FIG. 1 is a process diagram showing an embodiment of the present invention, in which (A) is before pressurization, (B) is after pressurization, and (C) is after completion.

FIG. 2 is a cross-sectional view showing a manufacturing method disclosed in JP-A-63-298936.

FIG. 3 is a perspective view of a shadow mask structure disclosed in Japanese Patent Laid-Open No. 63-298936.

FIG. 4 is a process chart disclosed in Japanese Patent Laid-Open No. 62-252031.

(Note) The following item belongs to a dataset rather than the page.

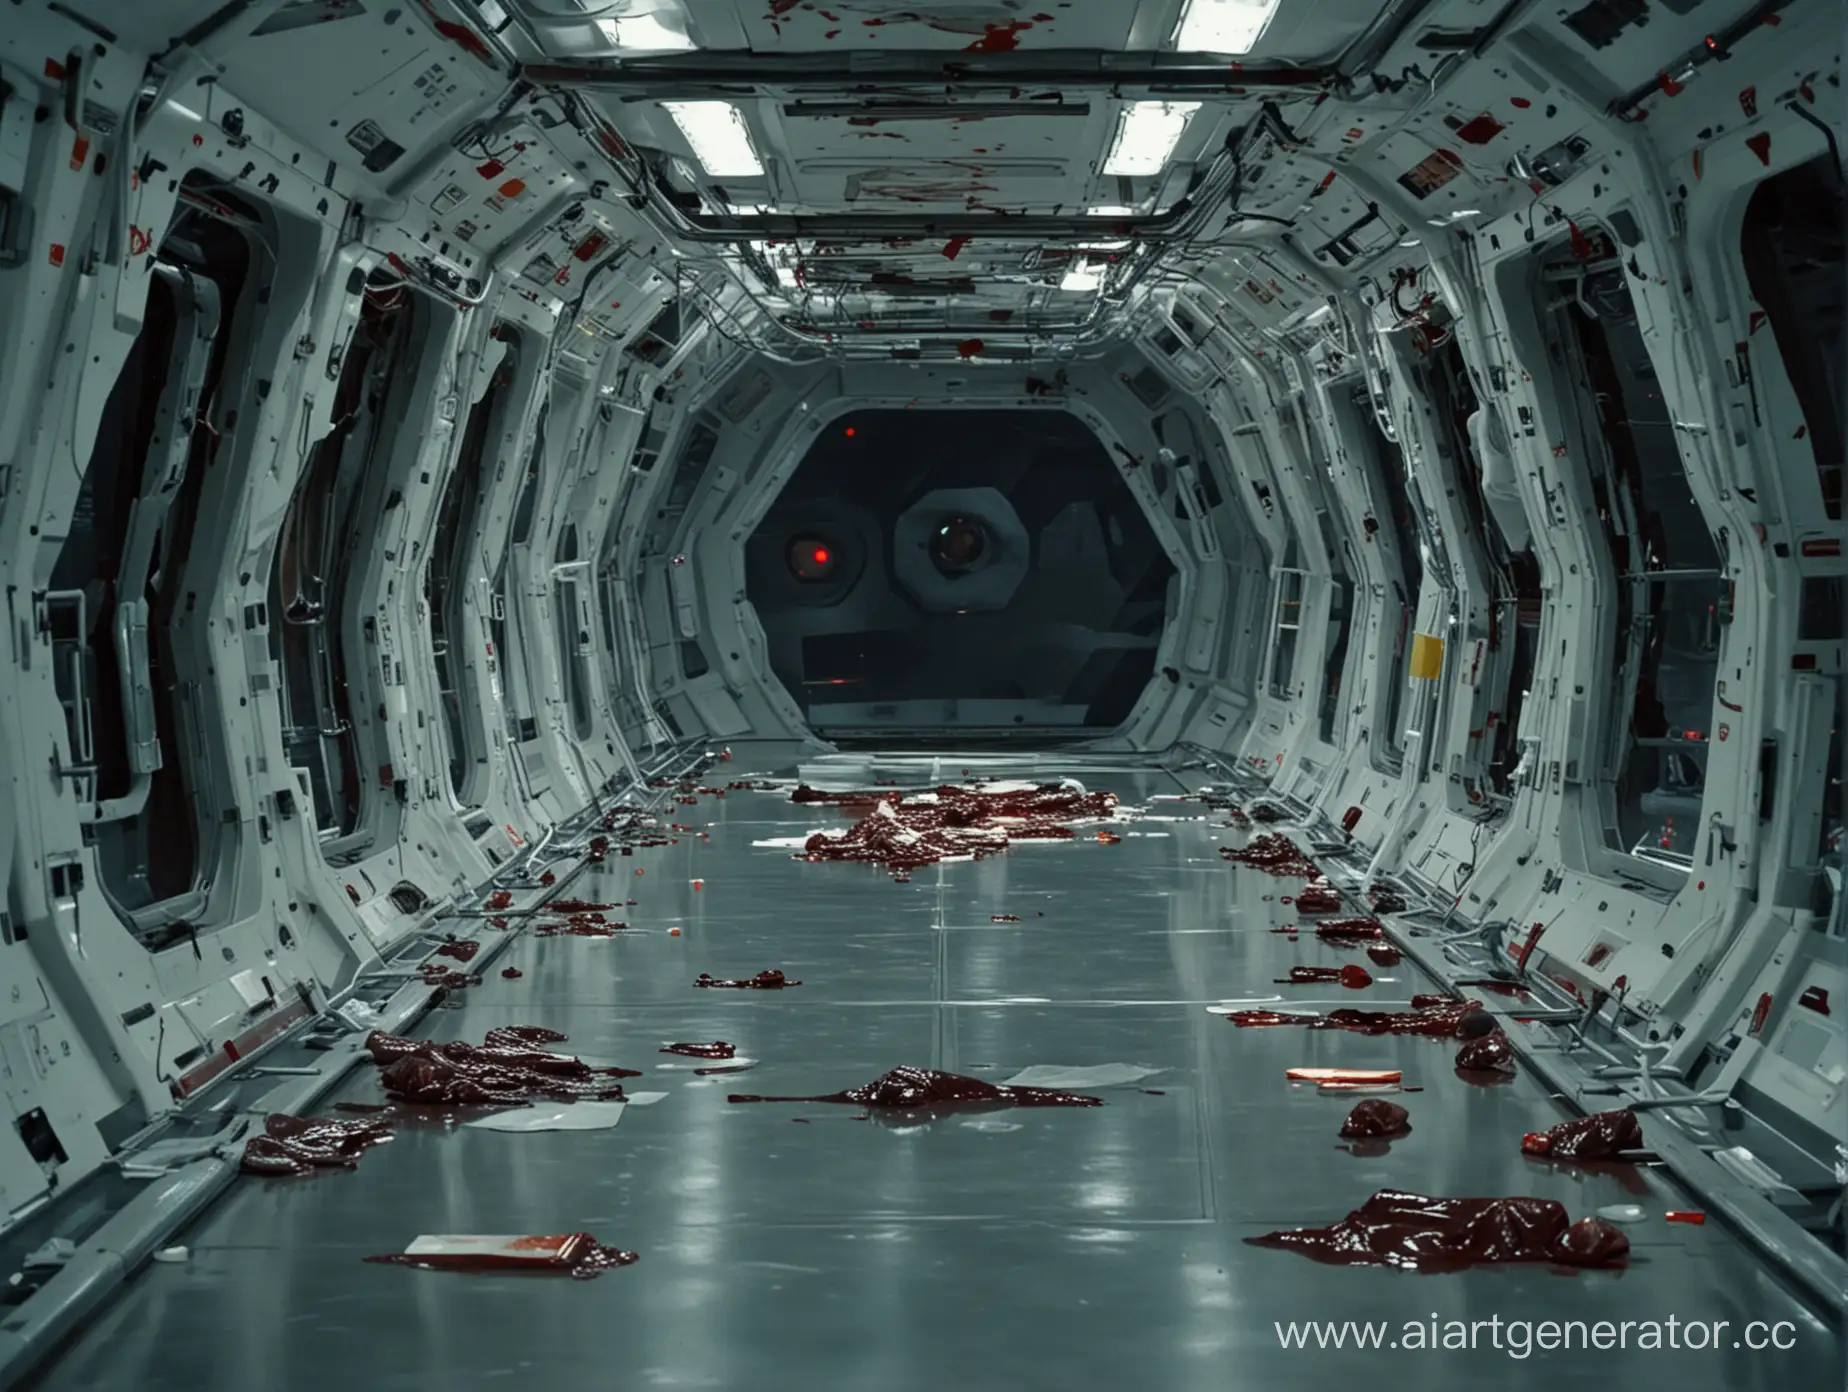 Gruesome-Scene-Inside-Spaceship-Laboratory-with-Blood-and-Corpses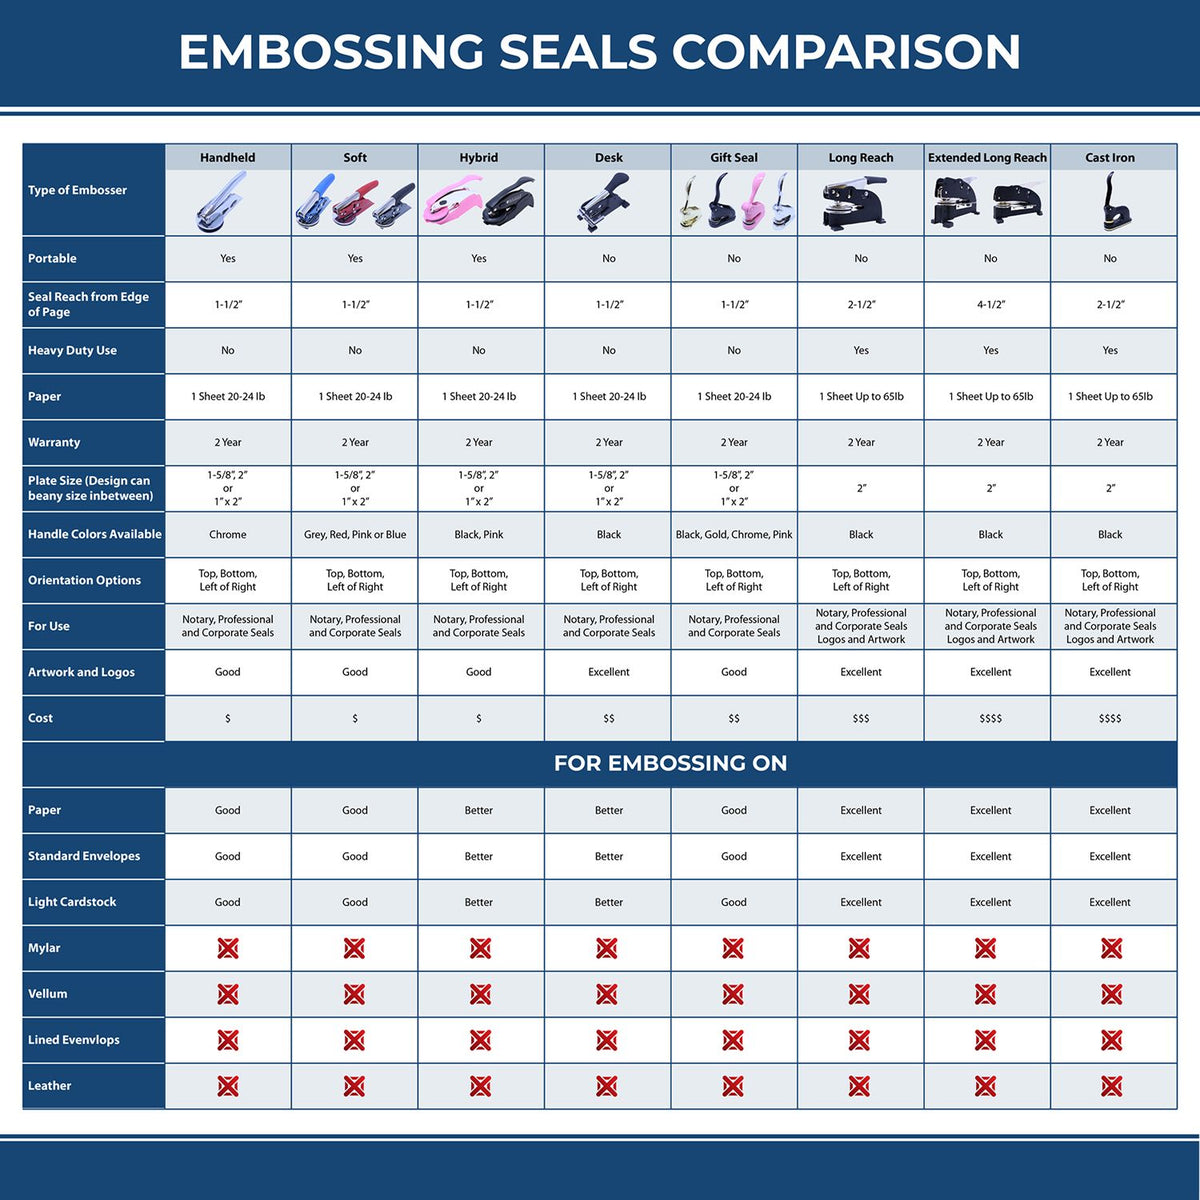 A comparison chart for the different types of mount models available for the Soft Pocket Minnesota Landscape Architect Embosser.

FIG. 5 is a perspective view showing a grid device disclosed in Japanese Patent Laid-Open No. 62-252031.

[Explanation of symbols]

 10 heating device 11 grid element body 12,13 frame side 14,15 arm part 16,17 pretension part 18,19 pressurizing part 20 welding device

Claims (3)

[Claims] 1. A method of manufacturing a grid device for a color picture tube, wherein a grid element having an opening for controlling an electron beam reaching a phosphor screen is integrally assembled with a frame by performing a tensioning treatment and a joining treatment. The tension process is a process of applying tension in the longitudinal direction of the grid element body in advance and compressing the frame inward, and the compressive force to the frame is the same as the reaction force to the tension to the grid element body. The method for manufacturing a color picture tube grid device is characterized in that the joining process is a process in which the grid element body after the tensioning process is integrally joined and assembled to the frame. 2. A method of manufacturing a grid device for a color picture tube, wherein a grid element having an opening for controlling an electron beam reaching a phosphor screen is integrally assembled with a frame by performing a tensioning treatment and a joining treatment. The tension treatment is a treatment of expanding the grid element body by heating the grid element body and compressing the frame inward, and the compressive force to the frame is given to the grid element body after cooling. A method for manufacturing a color cathode ray tube grid device characterized in that the reaction force is the same as the tension, and the joining process is a process in which the tension-treated grid element body is integrally joined and assembled to a frame. . 3. A method of manufacturing a grid device for a color picture tube, wherein a grid element having an opening for controlling an electron beam reaching a phosphor screen is integrally assembled with a frame by performing a tensioning treatment and a joining treatment. The tension treatment is a treatment in which tension is applied in advance in the longitudinal direction of the grid element body to heat and expand the grid element body and to compress the frame inward, and the compression force to the frame is after cooling. A color image that is a pressure that is a reaction force similar to the tension applied to the grid element body, and that the joining process is a process of joining the grid element body after the tension treatment to the frame and assembling it integrally. Manufacturing method of pipe grid device.